E de repente todo o corpo se arrepia, os pêlos eriçam-se, a garganta aperta. Estamos no refrão de Bonny boys, o quarto tema de Family, pérola folk editada há pouco por um grupo chamado Thompson – isto é, Richard e Linda Thompson, mas também os filhos, sobrinhos e netos de ambos. Até aí fora Linda a guiar a canção, que é uma espécie de aviso de uma mãe aos filhos acerca dos perigos do mundo (costuma tratá-los por "Bonny boys", daí o título.) Quando chega o refrão, Richard junta-se à ex-mulher e ambos cantam às suas crias Bound to no-one, fear nothing (…)/ Dry your tears/ I am at peace/ With your sweet voices in my ears”. Todo o corpo se arrepia.

É que há 40 anos, em End of the rainbow, nono tema de I Want To See The Bright Lights Tonight, o primeiro disco lançado a meias pelo par, Richard Thompson, ex-fundador dos Fairport Convention e inventor do folk-rock britânico, cantava, com uma rispidez psicótica "I feel for you, you little horror/ Safe at your mother's breast (…)/ 'Cause your father is a bully/ And he thinks that you're a pest/ And your sister she's no better than a whore”. Muna, a filha mais velha do casal, tinha acabado de nascer.

Oito anos depois chegava Shoot Out The Lights, que viria a ser o último disco a meias de um casal que pouco depois não o era mais. Linda estava grávida de Kami, a terceira filha, e as letras de Richard descreviam, com uma exactidão cruel, a violência emocional da separação.

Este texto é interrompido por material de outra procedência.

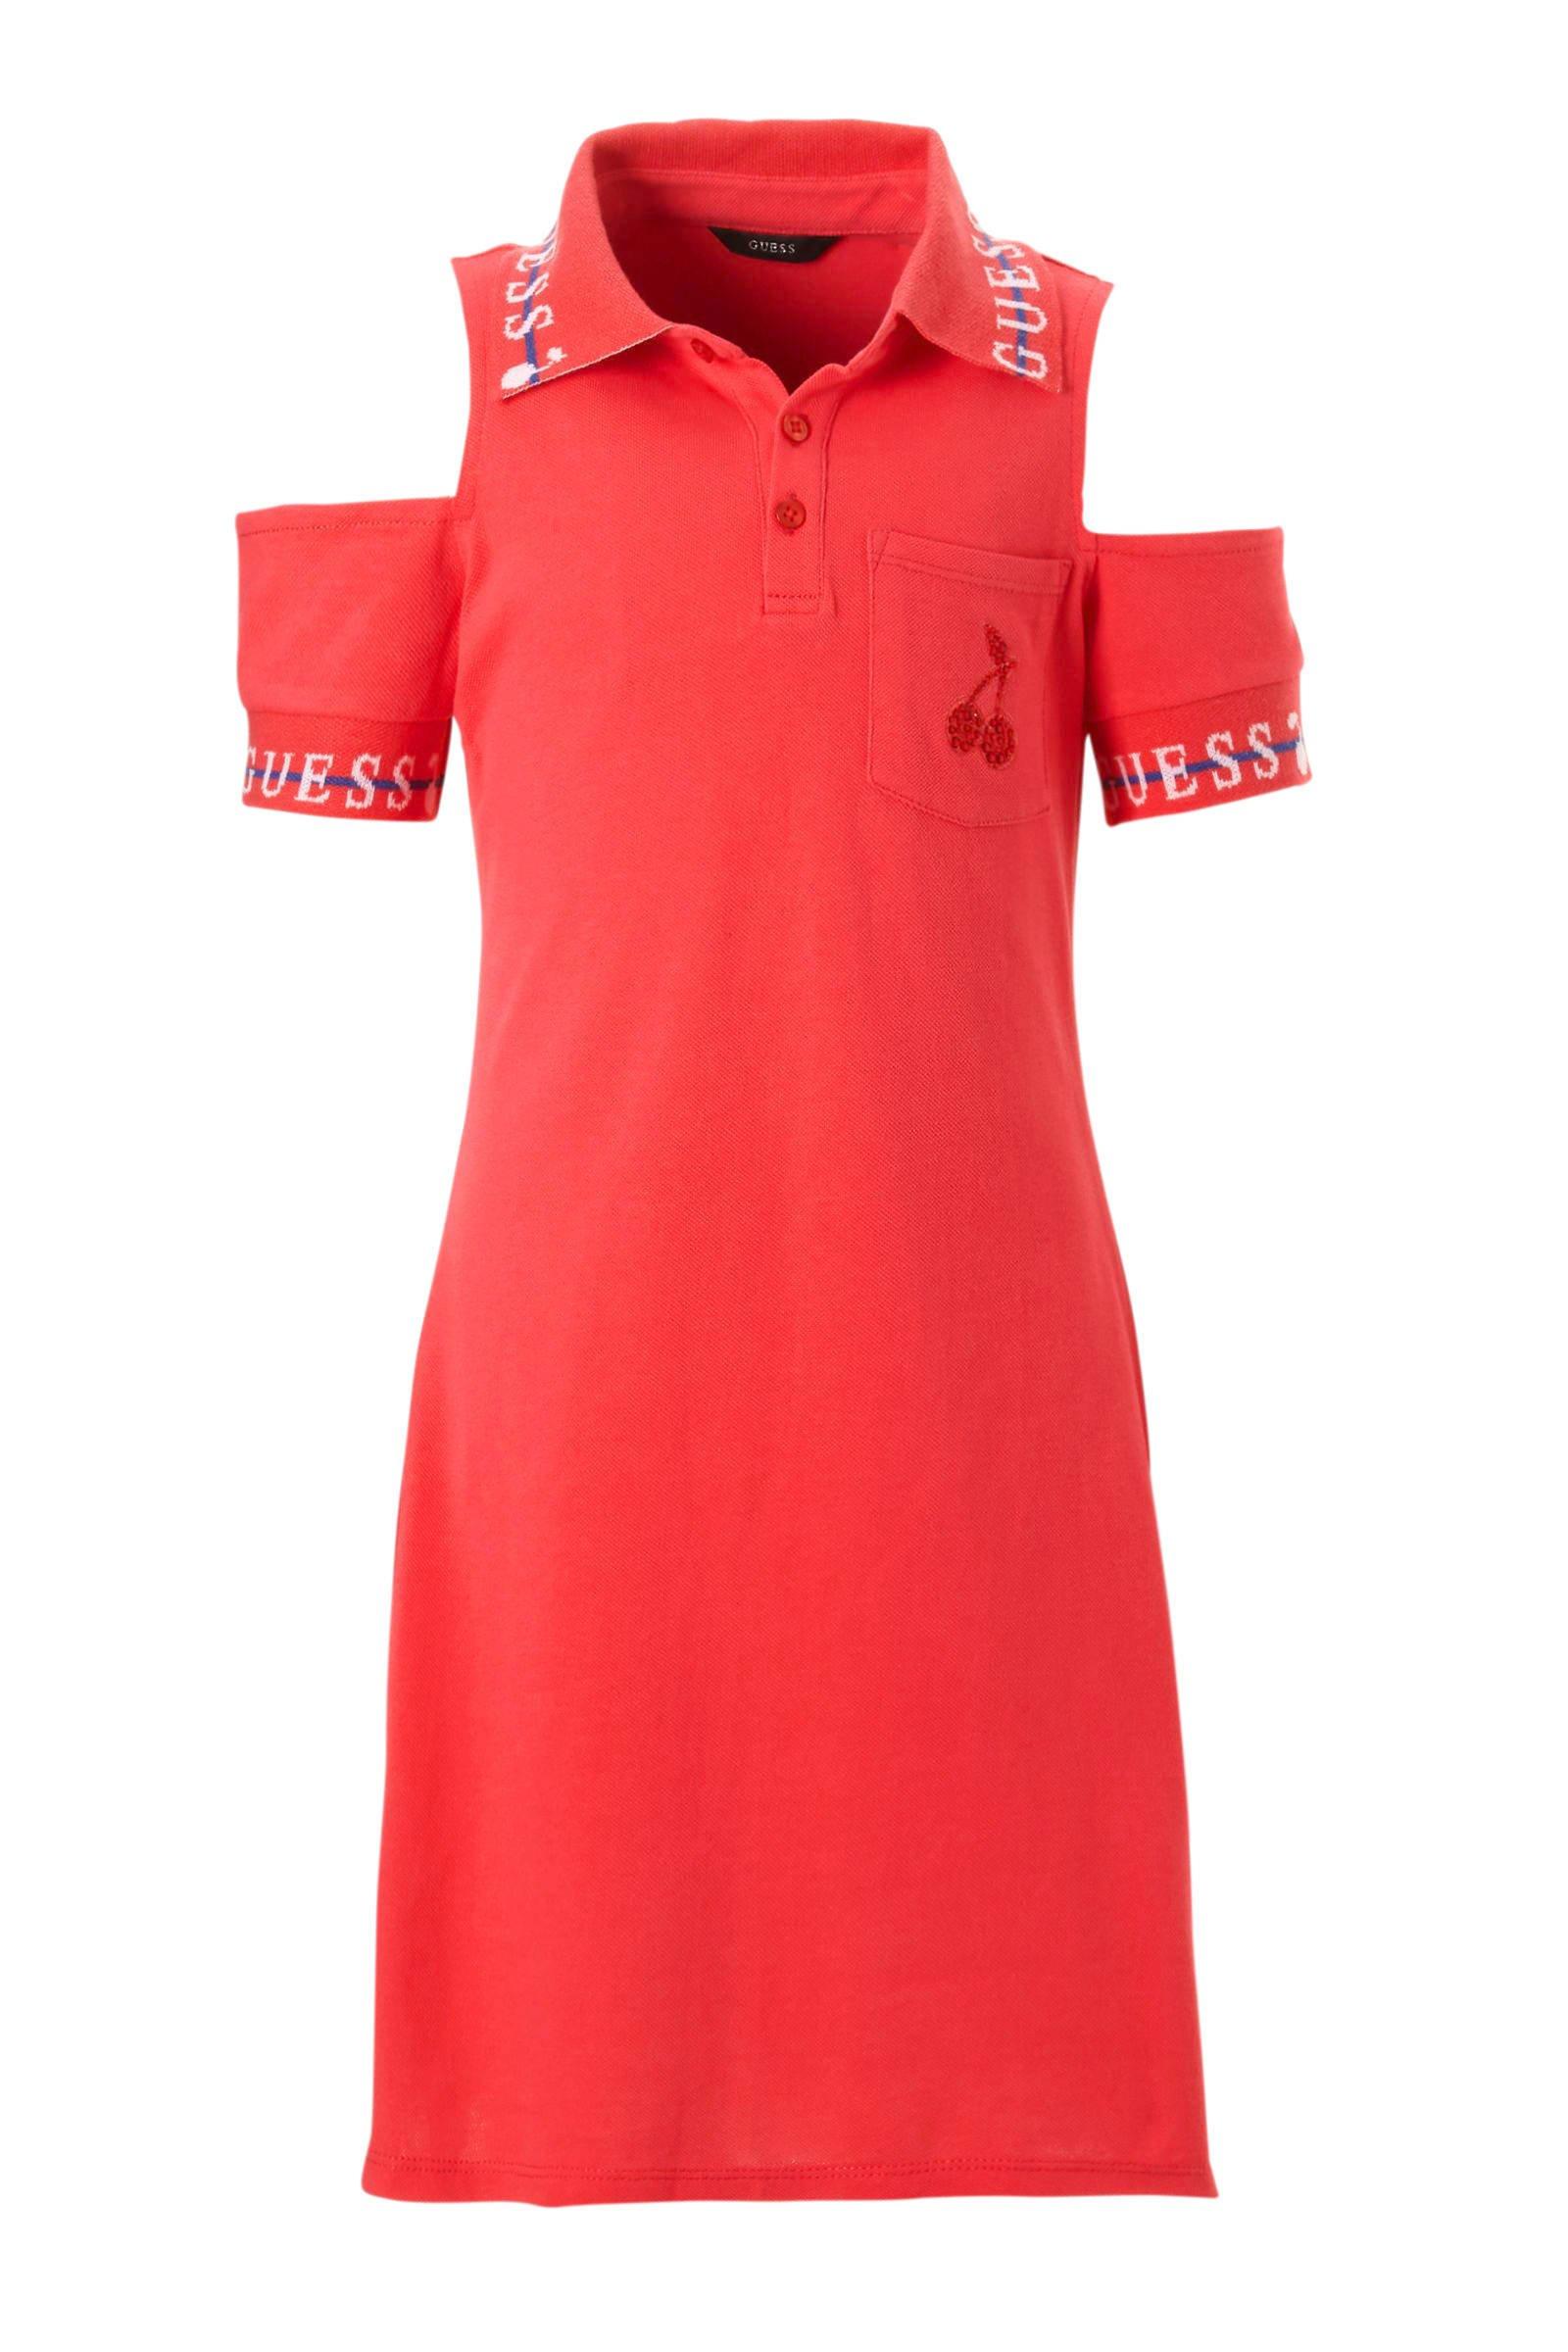 beb53a8d817 guess-open-shoulder-jurk-met-tekst-rood-rood-7613402868333.jpg
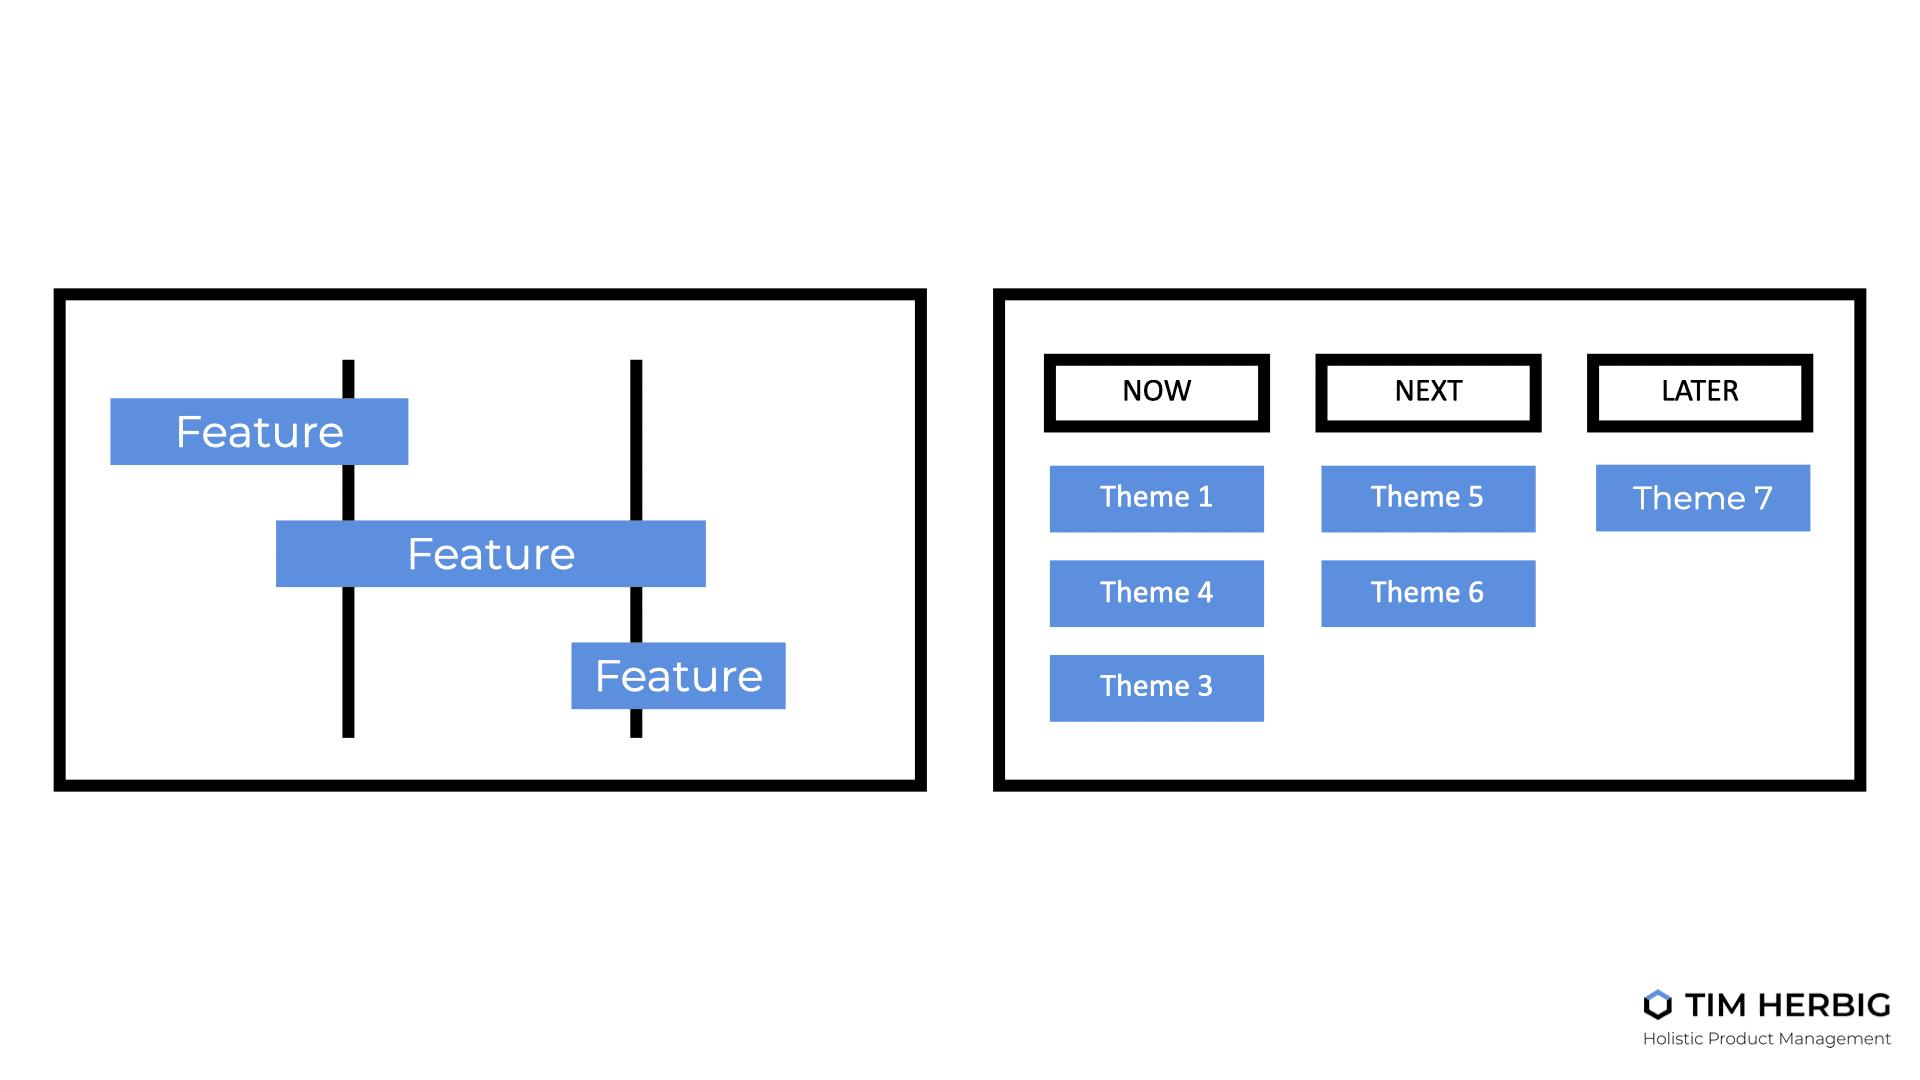 Theme-based Roadmaps

Entre as duas obras-primas, entre Muna e Kami, nasceu Teddy. Que, ficámos a saber há dias, quando falámos com ele, é quem realmente canta a harmonia de Bonny boys – numa imitação perfeita da voz do seu pai anos antes. Teddy, que leva uma bela carreira em nome próprio, foi o mentor de Family. Foi dele a ideia de todos os elementos da família que se dedicam à música criarem um álbum em conjunto; e foi dele a ideia de cada um gravar em separado, de modo a não houvesse lugar a atritos. As boas intenções, no entanto, têm um limite – e não tenhais dúvidas de que quando se houve a voz de Teddy em Bonny boys no lugar do que devia ser a voz de Richard, alguém está, finalmente, a matar o pai.

Tudo começou, como não podia deixar de ser, com desespero. “Quero deixar isto bem claro: a Verve [editora que lhe lançava os discos] não renovou o meu contrato. Admito que me foi difícil ajustar-me à vida sem uma editora que me carregasse. Não sou propriamente um empreendedor”, confessa Teddy. 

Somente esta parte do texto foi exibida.